Bug #29289 MySqlDataReader does not close when .Read() throws a Deadlock Exception
Submitted: 21 Jun 2007 22:22 Modified: 27 Nov 2007 14:57
Reporter: Dan Bress Email Updates:
Status: Can't repeat Impact on me:
None 
Category:Connector / NET Severity:S2 (Serious)
Version:1.0.9 OS:Windows
Assigned to: CPU Architecture:Any
Tags: close, hang, MySqlDataReader

[21 Jun 2007 22:22] Dan Bress
Description:
When the data reader throws an exception(Deadlock found when trying to get lock; try restarting transaction|MySql.Data.MySqlClient.MySqlException) I am unable to close my DataReader, when using the direct mysql connector(non-odbc).

I do the following
create a connection
"select * from table for update"
try
{
  while (reader.Read())
  {
    read data
  }
}
finally
{
  close reader
  close connection
}

when i close the reader it hangs.  here is is the stack trace
mysql.data.dll!MySql.Data.MySqlClient.PacketReader.ReadHeader() Line 96 + 0xb bytes C#
mysql.data.dll!MySql.Data.MySqlClient.PacketReader.OpenPacket() Line 132 C#
mysql.data.dll!MySql.Data.MySqlClient.NativeDriver.OpenDataRow(int fieldCount = 0, bool isBinary = false) Line 464 C#
mysql.data.dll!MySql.Data.MySqlClient.CommandResult.Consume() Line 222 + 0xe bytes C#
mysql.data.dll!MySql.Data.MySqlClient.MySqlDataReader.Close() Line 133 C#

How to repeat:
continually do a select for update from a table from program 1
continually do an insert on duplicate key update on the same table from program 2
wait until your read throws an exception, and you are then unable to close the data reader.

Suggested fix:
It appears as though a dead lock happens and the server says "I can't send you any data to read"

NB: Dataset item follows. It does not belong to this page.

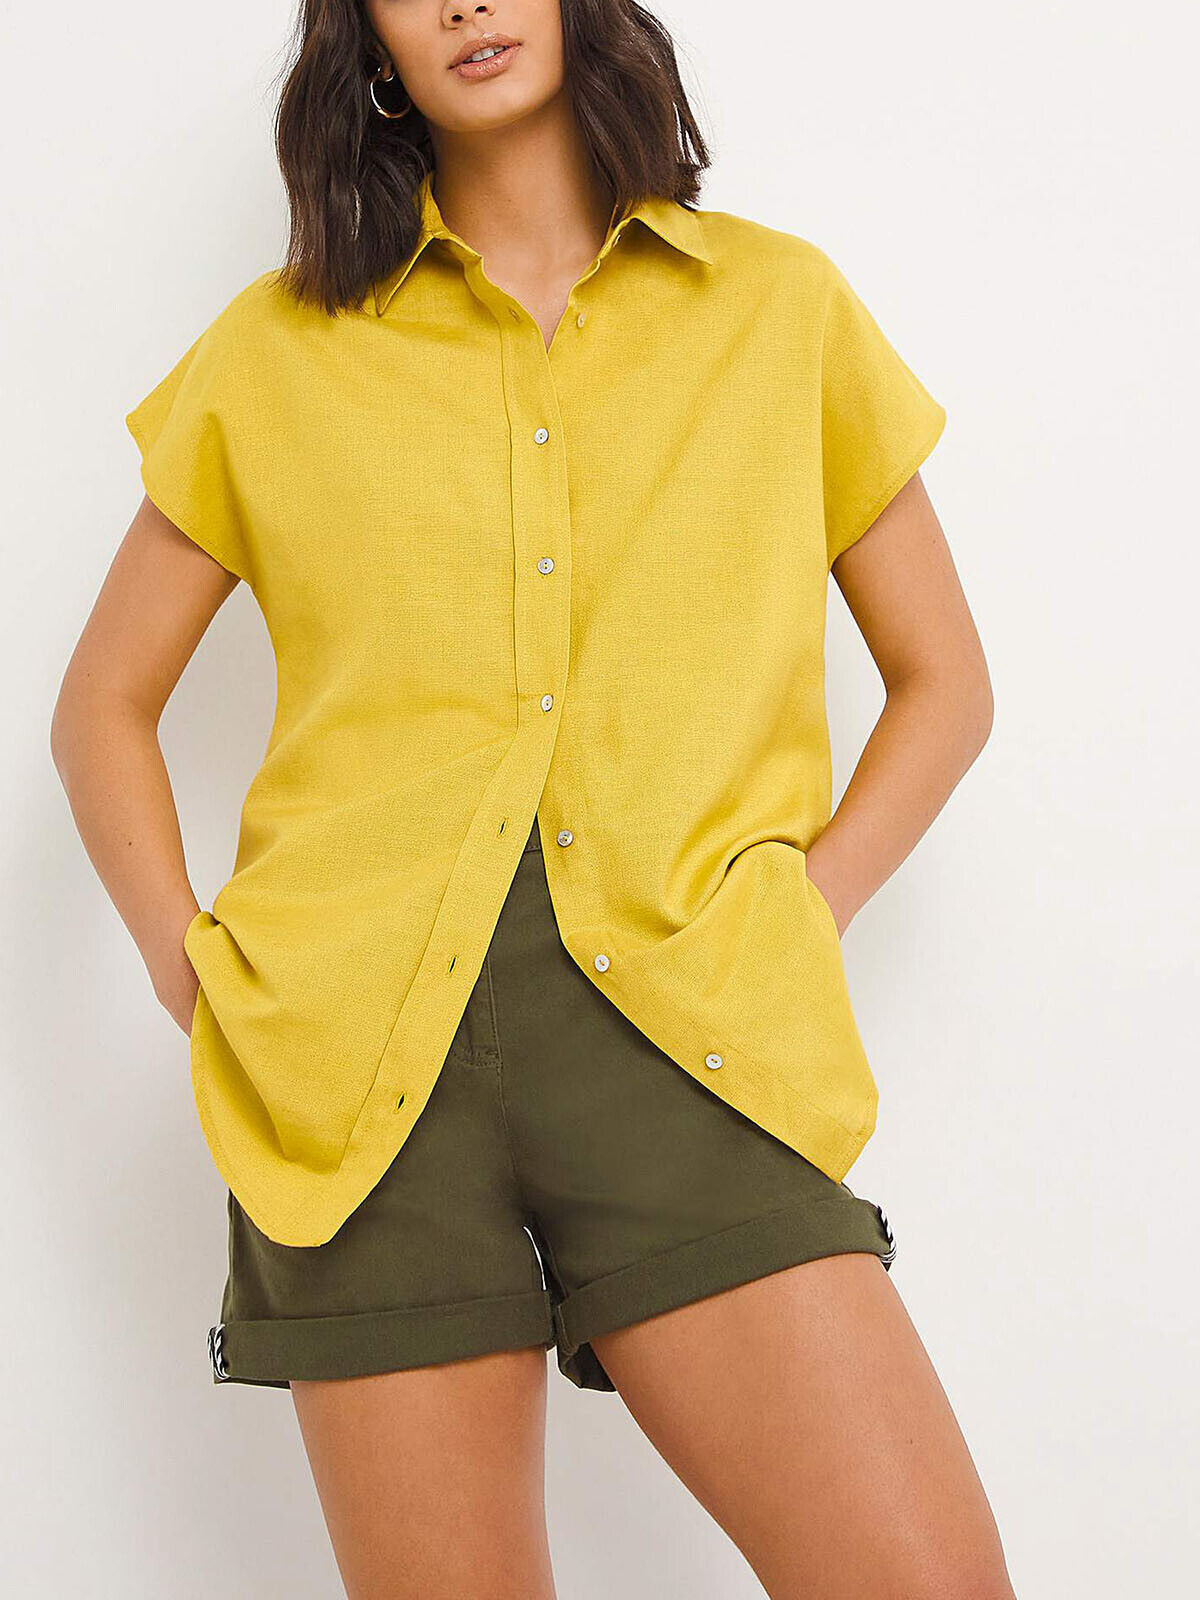 JD Williams Chartreuse Short Sleeve Linen Shirt Sizes 14, 18, 20, 24, 26, 28, 30
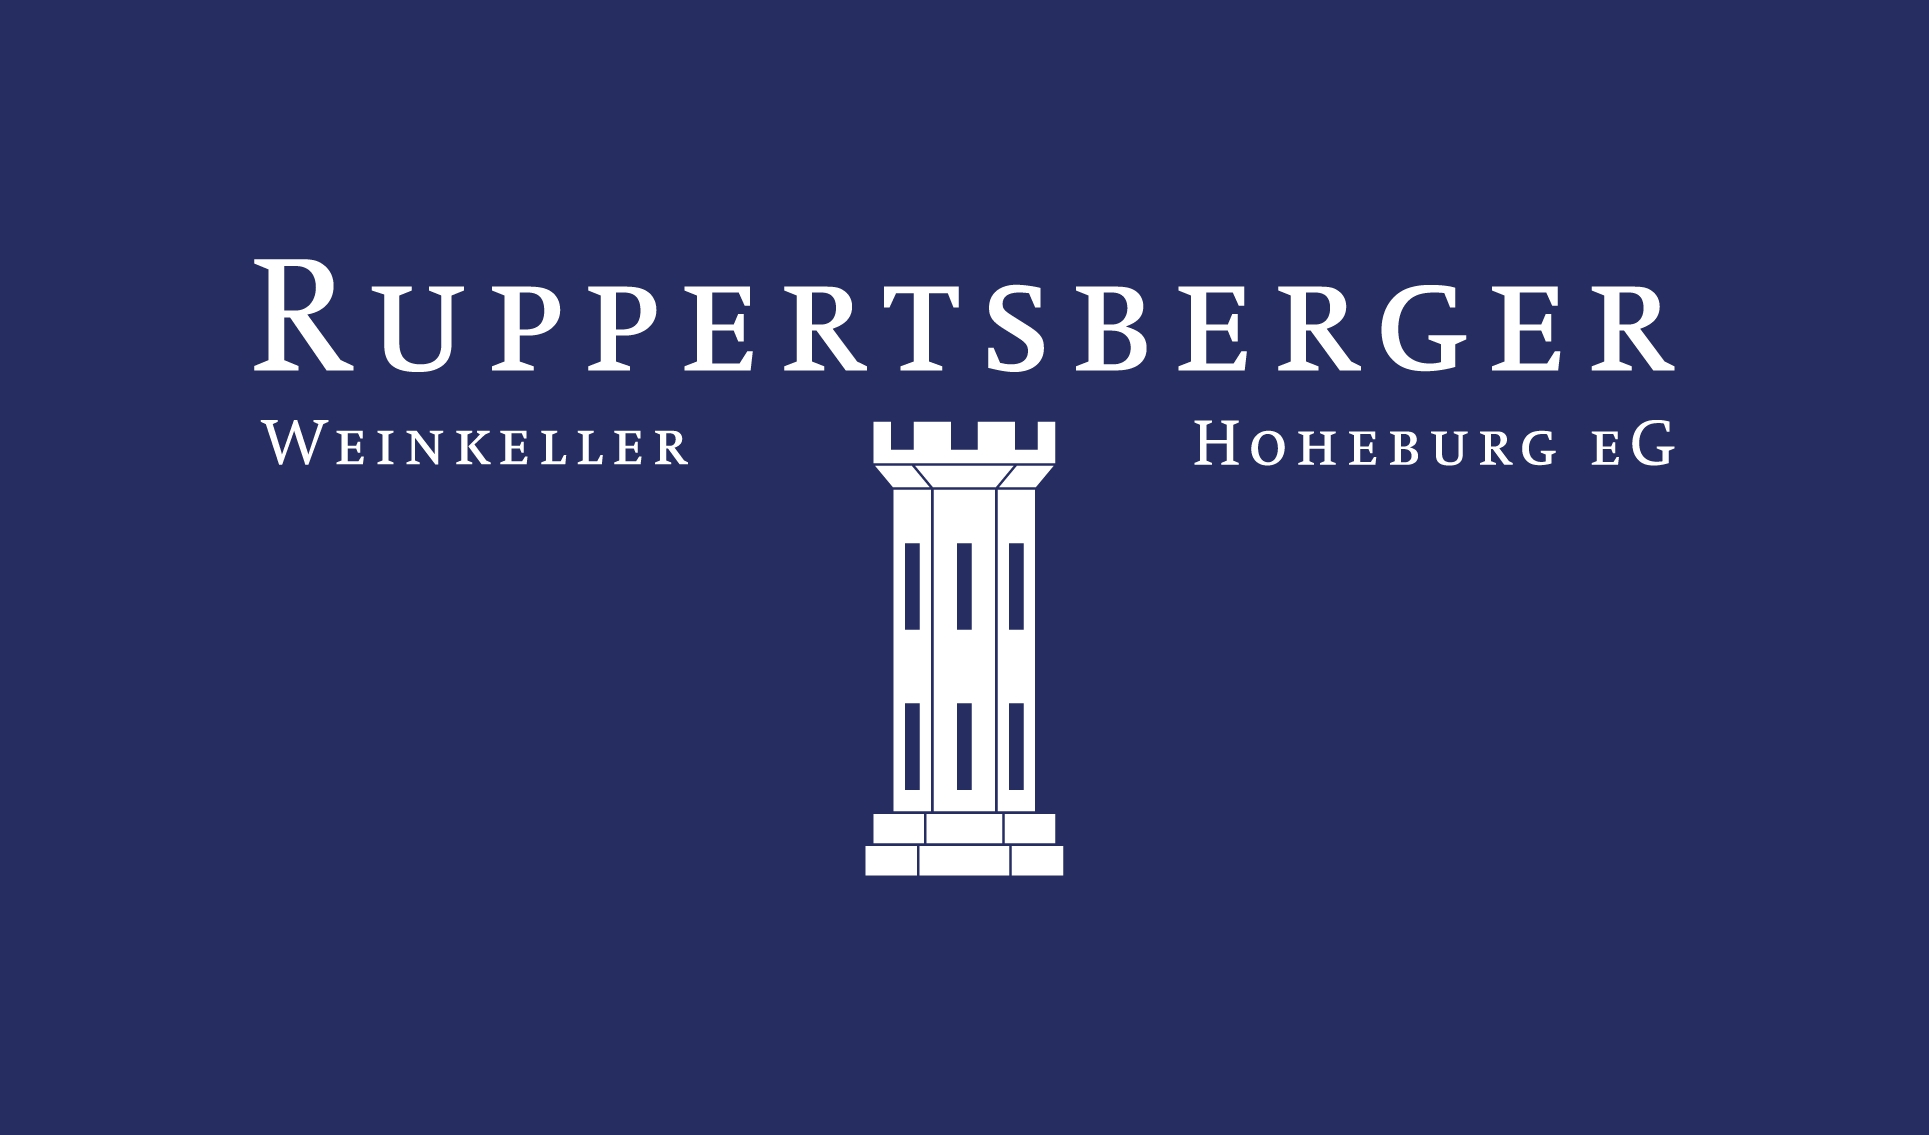 Ruppertsberger Weinkeller Hoheburg eG

mean while when you close the reader it thinks "I still have data left, I should read it" (CommandResult.cs:220) but there is nothing left to read, so it blocks indefinitely.  Someone that information that an exception has occured, and that there is no data left needs to be passed to this point.

I commented out
if (!readRows)
			{
				while (driver.OpenDataRow(0, false)) { }
				readRows = true;
			}
in the CommandResult.cs file and this "solved" the problem.
[21 Jun 2007 22:26] Dan Bress
When I say the reader "does not close" I mean it blocks indefinitely.
[26 Jul 2007 8:04] Tonci Grgin
Not enough information was provided for us to be able to handle this bug. Please re-read the instructions at http://bugs.mysql.com/how-to-report.php

If you can provide more information, feel free to add it to this bug and change the status back to 'Open'.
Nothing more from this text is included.